STI contends that the arbitrator exhibited a manifest disregard of the law by failing to properly apply the provisions of the UN Convention on Contracts for the International Sale of Goods pertaining to oral contracts and specification of goods by display of a model or exemplar. The Court rejected these arguments in its earlier opinion because they merely seek to relitigate the arbitrator's application of the law to contested facts. Smarter Tools, 2019 WL 1349527, at *4. That is all the more true when considering the final amended award, which provides greater detail on the arbitrator's reasoning. The arbitrator was free to determine that STI's evidence of an oral contract was not credible or was not enough to support an inference that SENCI agreed to product specifications not included in the purchase orders. The FAA forbids this Court from sifting through the seven days of evidentiary hearings before the arbitrator to re-weigh the evidence anew. See Wallace, 378 F.3d at 190; Final Amended Award, Claims ¶ 4.

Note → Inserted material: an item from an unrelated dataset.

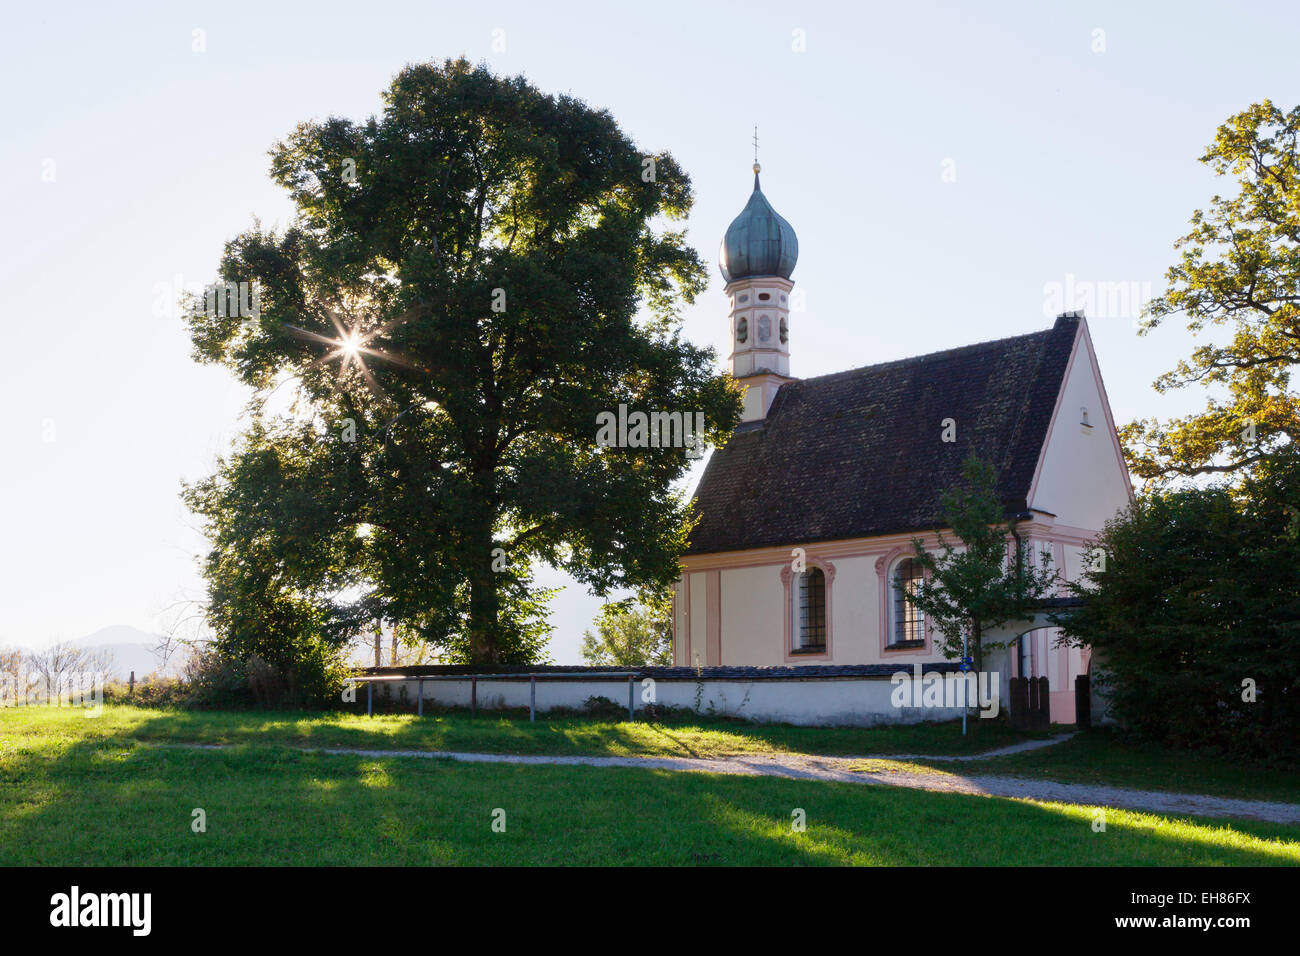 Ramsachkirche church at Murnauer Moos Moor, Murnau am Staffelsee, Upper Bavaria, Bavaria, Germany, Europe Stock Photo

Because there is at least a "barely colorable justification for the outcome reached," even if STI believes the arbitrator did not give appropriate weight to all its arguments or overlooked some pieces of evidence, the Court must confirm the award. Id. at 190.

C. The Arbitrator Did Not Exceed His Authority

Finally, STI contends that the arbitrator exceeded his authority because he issued the award in a manner not prescribed by the parties' arbitration agreement. STI advances two arguments in support of this proposition. Both lack merit.

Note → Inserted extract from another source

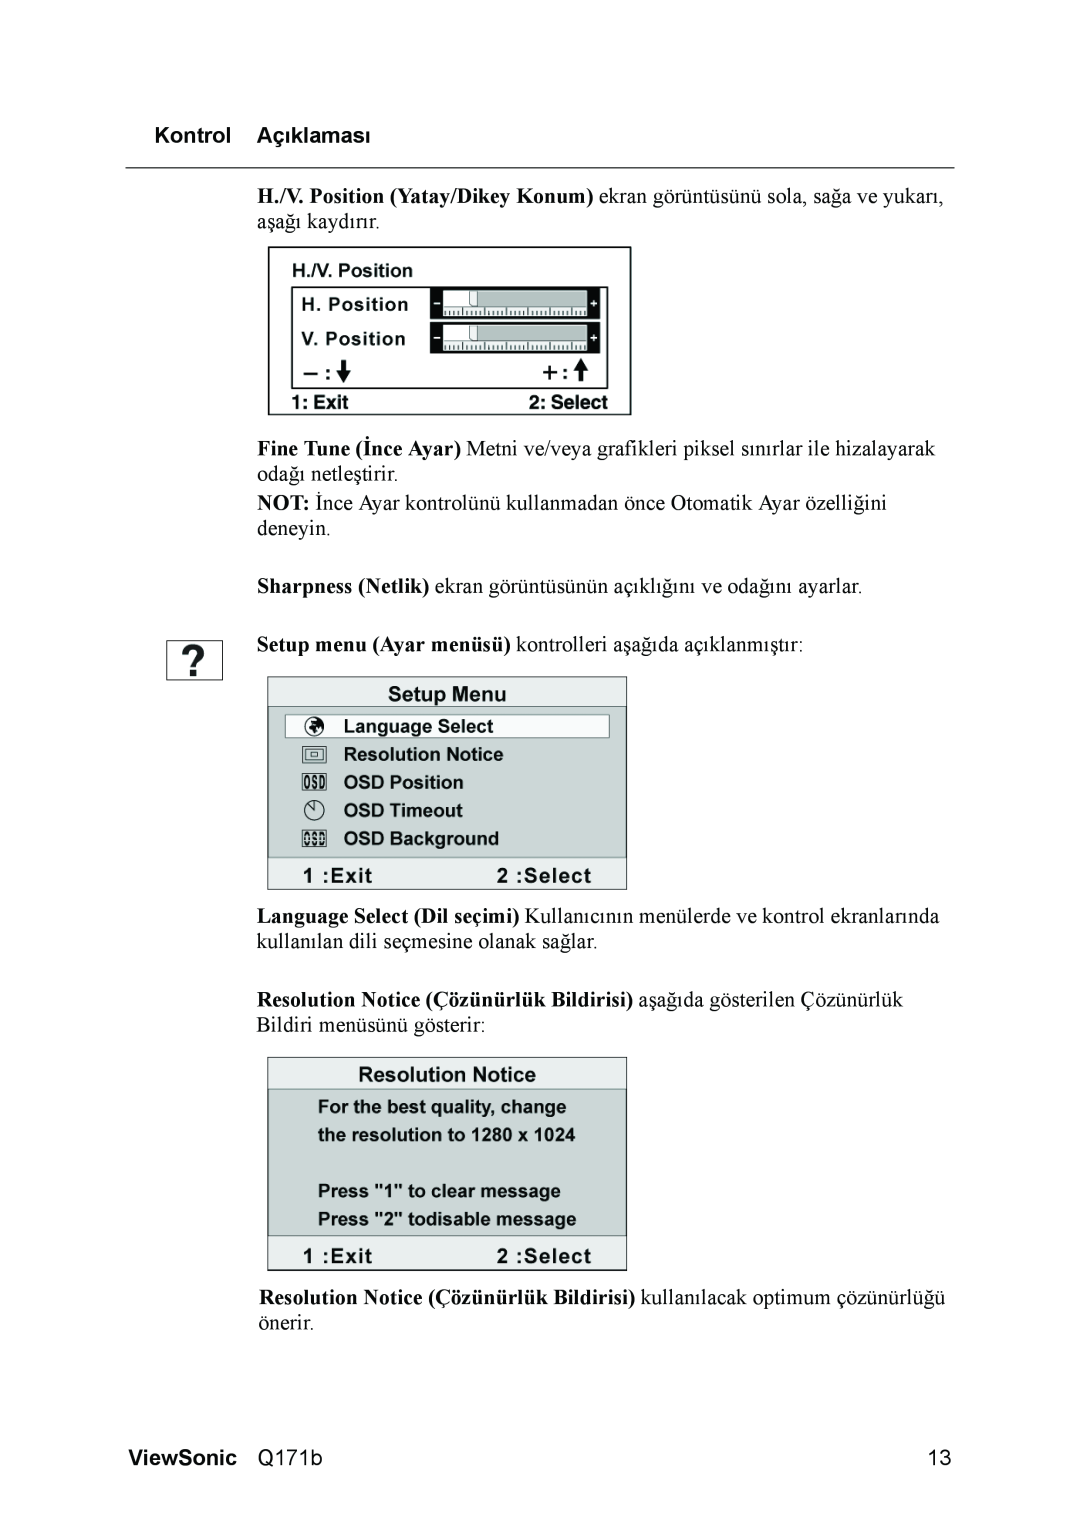 ViewSonic Q171B manual Kontrol Açıklaması, ViewSonic Q171b

First, STI cites General Re Life Insurance Corp. v. Lincoln National Life Insurance Co., 909 F.3d 544 (2d Cir. 2018), to argue that pursuant to the functus officio doctrine, the arbitrator lacked the authority to issue an amended award following remand from this Court. But that case stands for the exact opposite proposition. In General Re, the Second Circuit "join[ed] the Third, Fifth, Sixth, Seventh, and Ninth Circuits in recognizing an exception to functus officio where an arbitral award fails to address a contingency that later arises or when the award is susceptible to more than one interpretation." Id. at 548 (internal quotation marks and citation omitted). As an example of this exception, the Second Circuit cited the "well-settled rule" that a district court should remand an ambiguous award to the arbitrator for clarification and that an arbitrator does not act functus officio on remand from a district court. Id. at 549.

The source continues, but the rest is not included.